= Goran Ivančević =

Serbian politician (born 1970)

Goran Ivančević (Горан Иванчевић; born 27 March 1970) is a Serbian politician. He was elected to the Assembly of Vojvodina in the 2020 provincial election as a member of the Movement for the Restoration of the Kingdom of Serbia (Pokret obnove Kraljevine Srbije, POKS).

==Private life and career==
Ivančević was born in Zrenjanin, Vojvodina, in what was then the Socialist Republic of Serbia in the Socialist Federal Republic of Yugoslavia. He holds a master's degree (2012) and a doctorate (2016) in political science from Educons University, a private institution in Novi Sad. His doctoral thesis was on Vojvodina's political system since the re-introduction of multi-party democracy in 1990.

He has served as deputy provincial secretary for regional development, inter-regional co-operation, and local self-government in the government of Vojvodina.

==Politician==
Ivančević was a member of the executive board of the Serbian Renewal Movement until 2017, when he and other party officials resigned in protest against Vuk Drašković's continued leadership of the party. He subsequently became a founding member of the POKS and is its current secretary-general.

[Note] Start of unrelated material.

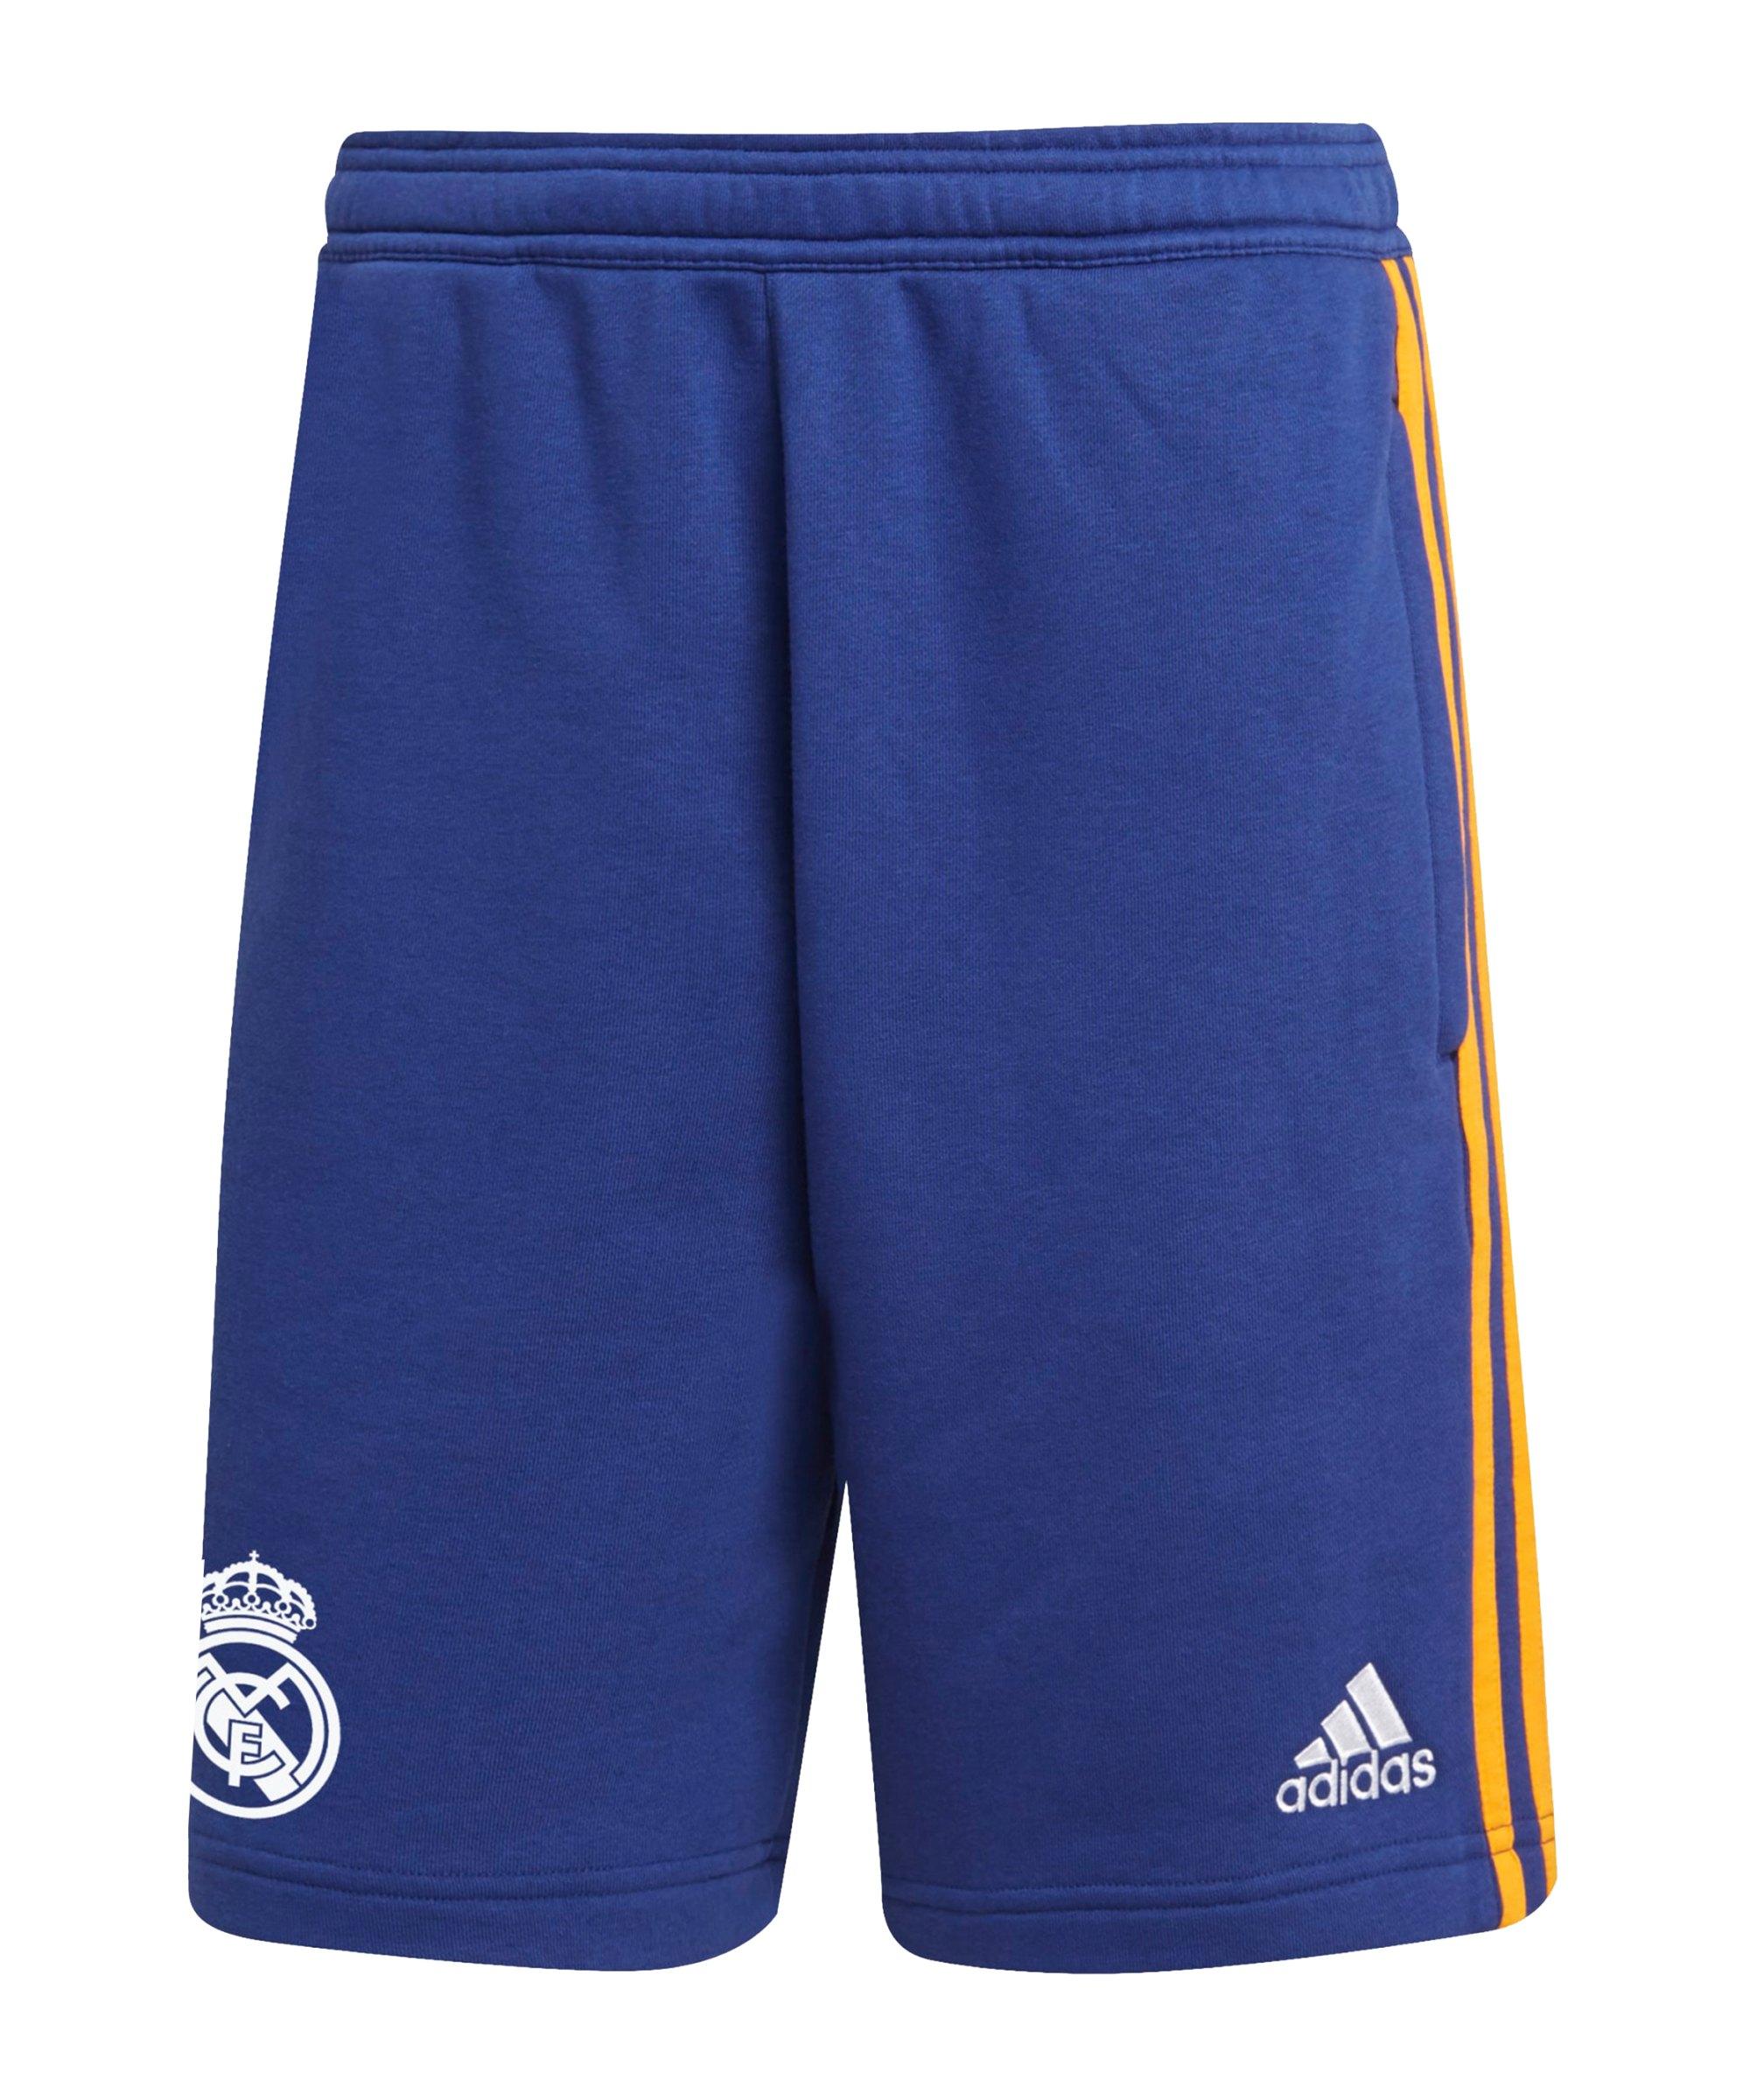 adidas Real Madrid 3S Short Blau - blau

He received the lead position on the POKS electoral list for the Vojvodina provincial assembly in the 2020 provincial election and was elected when the list won five mandates. He is the leader of the POKS group in the assembly, the deputy chair of the committee on culture and public information, and a member of the committee for administrative and mandate issues. He also received the ninety-second position on the party's list for the National Assembly of Serbia in the concurrent 2020 Serbian parliamentary election. This list did not cross the electoral threshold to win seats in the assembly.

Ivančević holds right-wing views on issues of cultural identity. In the 2020 elections, he described migrant refugees in Serbia as a "security threat" and said that the country should close its borders to refugees, including those whom he described as "jihadists."